Chara has a cosmopolitan distribution, from 69 degrees north in northern Norway to about 49 degrees south in Kerguelen Islands (Pal et al., 1962). About 51 species are found in India.
There are many species of Chara in Europe, where they are commonly found in the specific habitat-type designated as H3140 (hard oligo-mesotrophic waters with benthic vegetation of Chara spp) in the Natura 2000 plans of the European Union.
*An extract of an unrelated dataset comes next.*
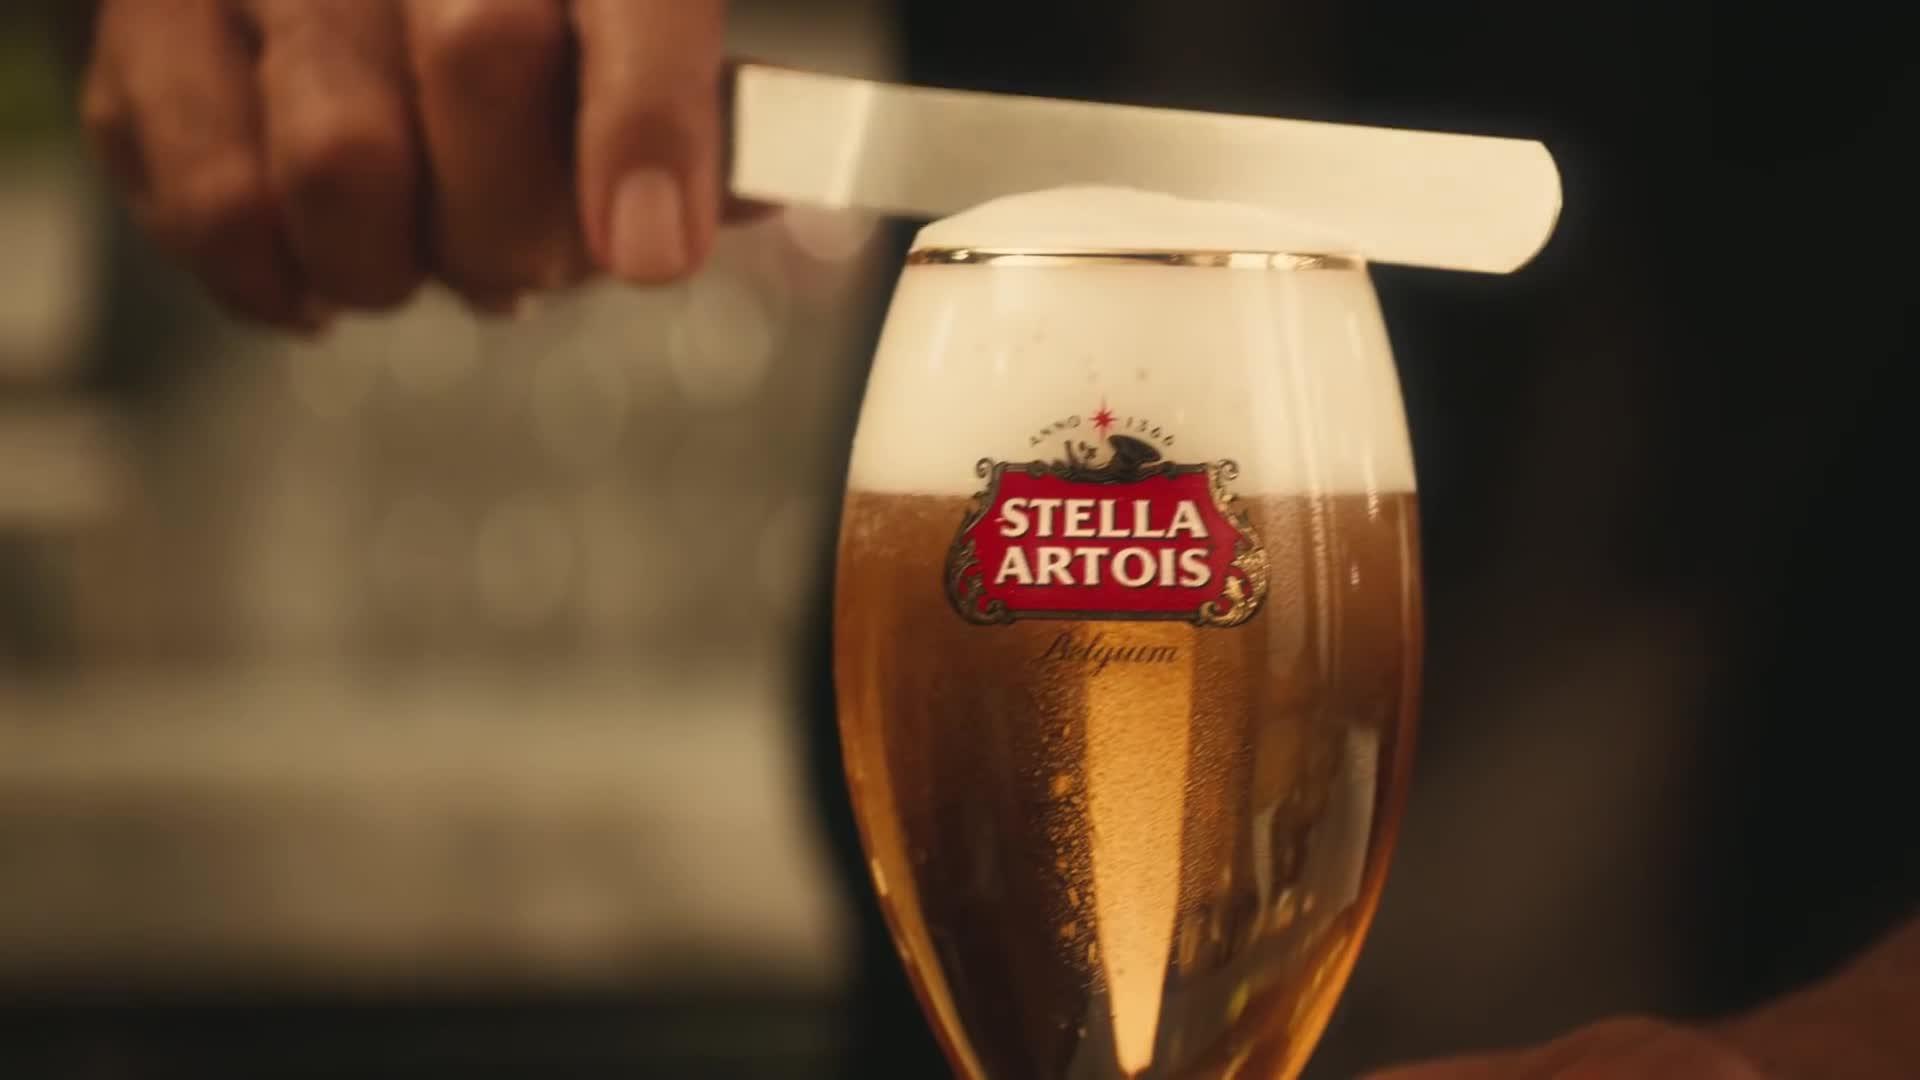 Werbespot, Super Bowl, Super Bowl 2019, bier
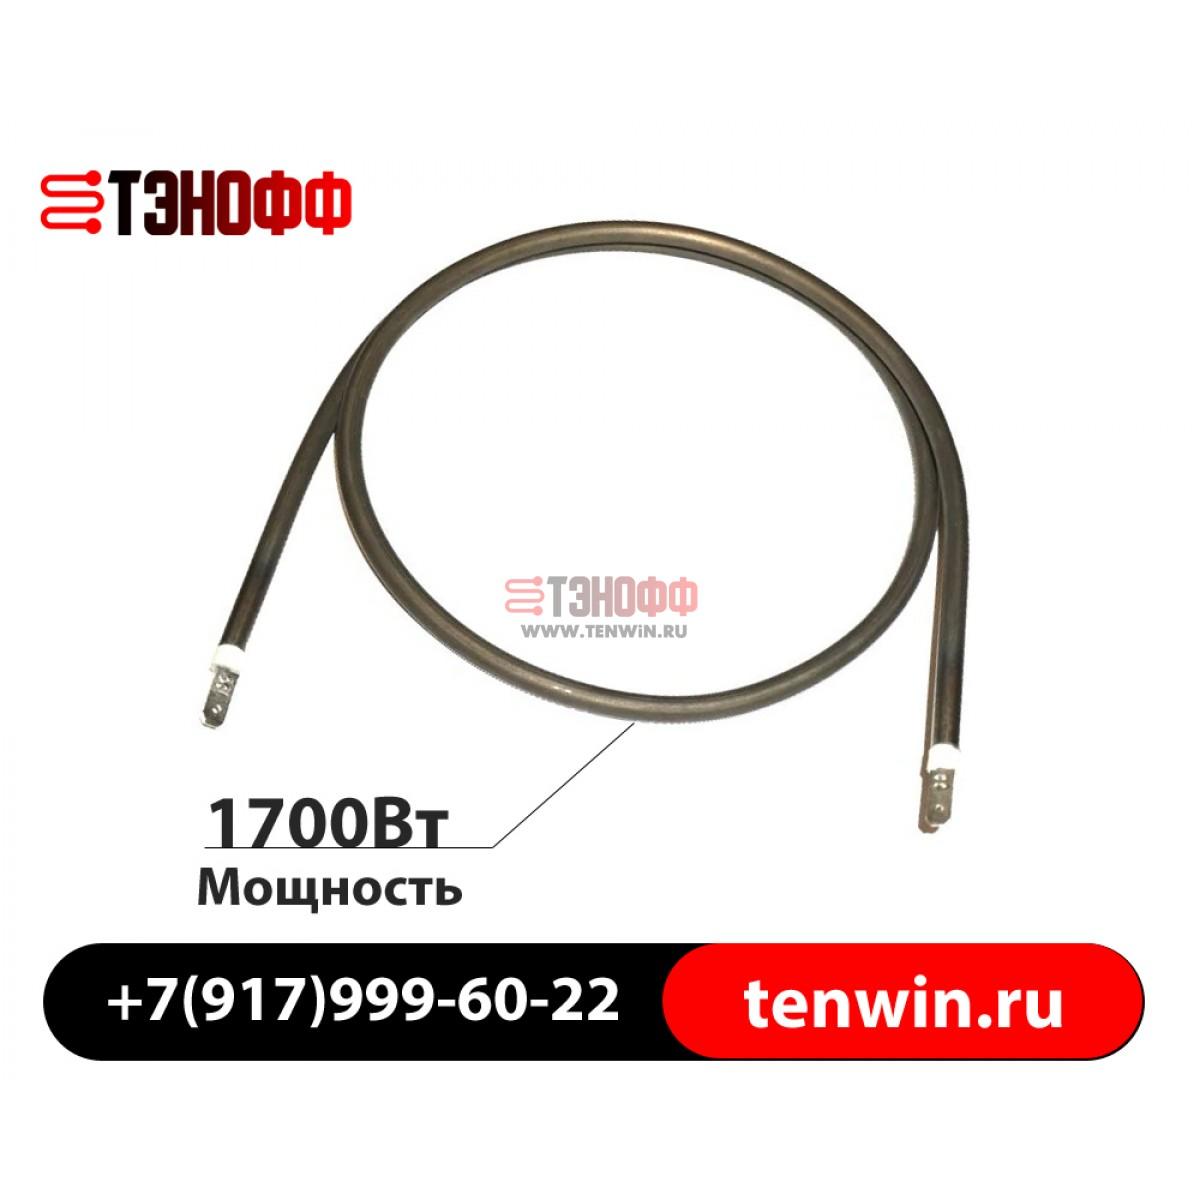 ТЭН 1700Вт воздушный гибкий - длина 1700мм

The Netherlands are home to 20 species of Chara, growing in lakes and ponds of the habitat-type H3140. The H3140 habitats in the Netherlands, are considered important in the overall preservation efforts and therefore also for the Chara species in general.

In Denmark, many former Chara habitats have been polluted by either toxins or excessive amounts of nutrients (in particular phosphates and nitrogen), but a few large lakes and ponds remain. Chara is found growing in the very clean hard water lakes of Thy National Park like Nors Sø for example. Tissø lake (fourth-largest lake in Denmark) is also a H3140 habitat and contains Chara species.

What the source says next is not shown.